Barely two years after moving in with a cousin in Fullerton, Calif., the 17-year-old Kim has become one of the rising stars in U.S. Speedskating. She and teammate Allison Baver are the best hopes among American women to win individual medals in Turin - Kim set an American record while finishing fourth in the 1,000 meters at a World Cup event in Italy last month - and they also figure to strengthen a relay team that failed to reach the finals at the 2002 Salt Lake Games when Hallisey crashed on the first turn.
Of course, to win anything, Kim will have to defeat some of the strong Chinese team's members as well as her friends on the powerful Korean team, some of whom Kim suspects envy her ability to leave the strict and sometimes harsh training conditions in Korea.

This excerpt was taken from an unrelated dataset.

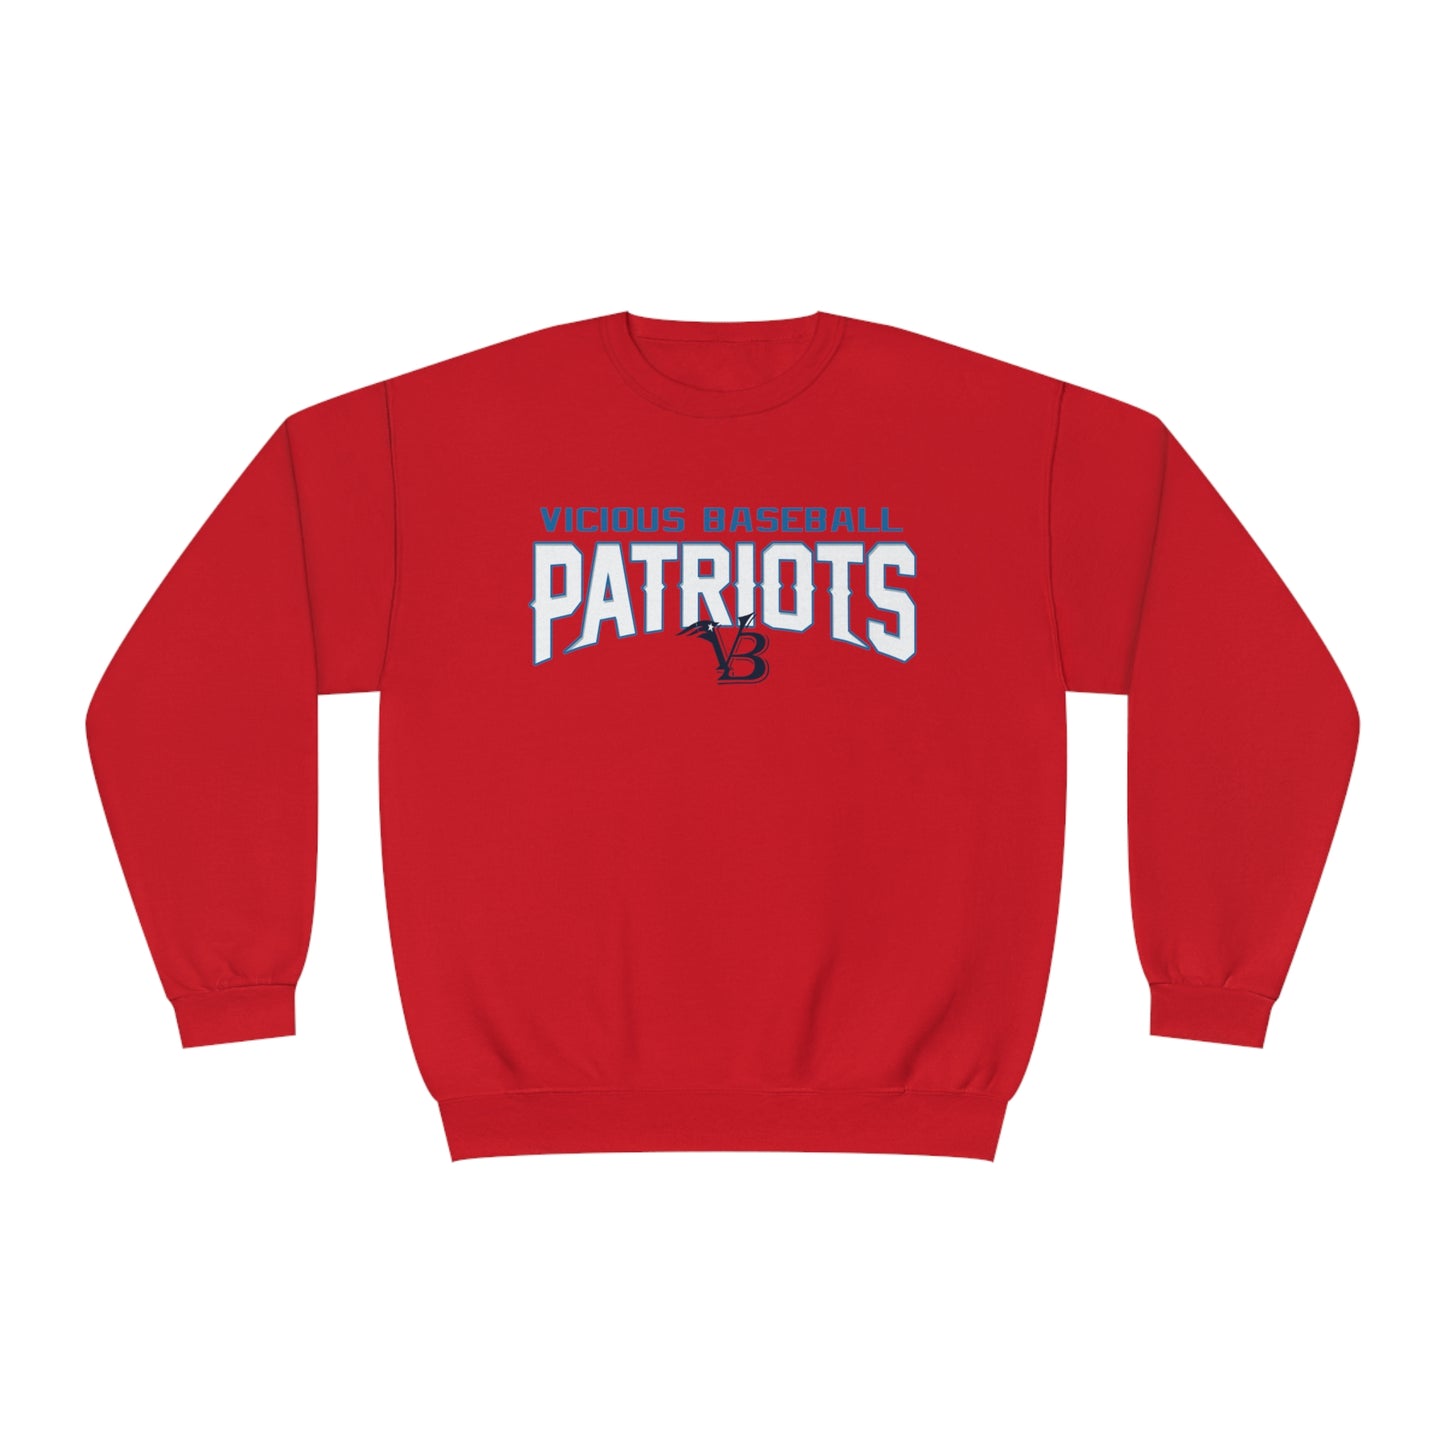 VB Patriots NuBlend® Crewneck Sweatshirt

"They're actually jealous," she said.
Kim said she never saw coaches abuse athletes during training, as some reports have suggested, but nevertheless did not care for an overbearing environment that she described as "kind of the Korean culture." She also wanted to pursue her studies more, something she said was not possible while also skating in Korea.
Kim has been speaking English only since her arrival in the United States, so she's not quite fluent yet. But while answering questions from a horde of reporters during a recent interview session, it's clear she has come a long way from when she first stepped off the plane.
"When I came here, I had a really hard time," she said.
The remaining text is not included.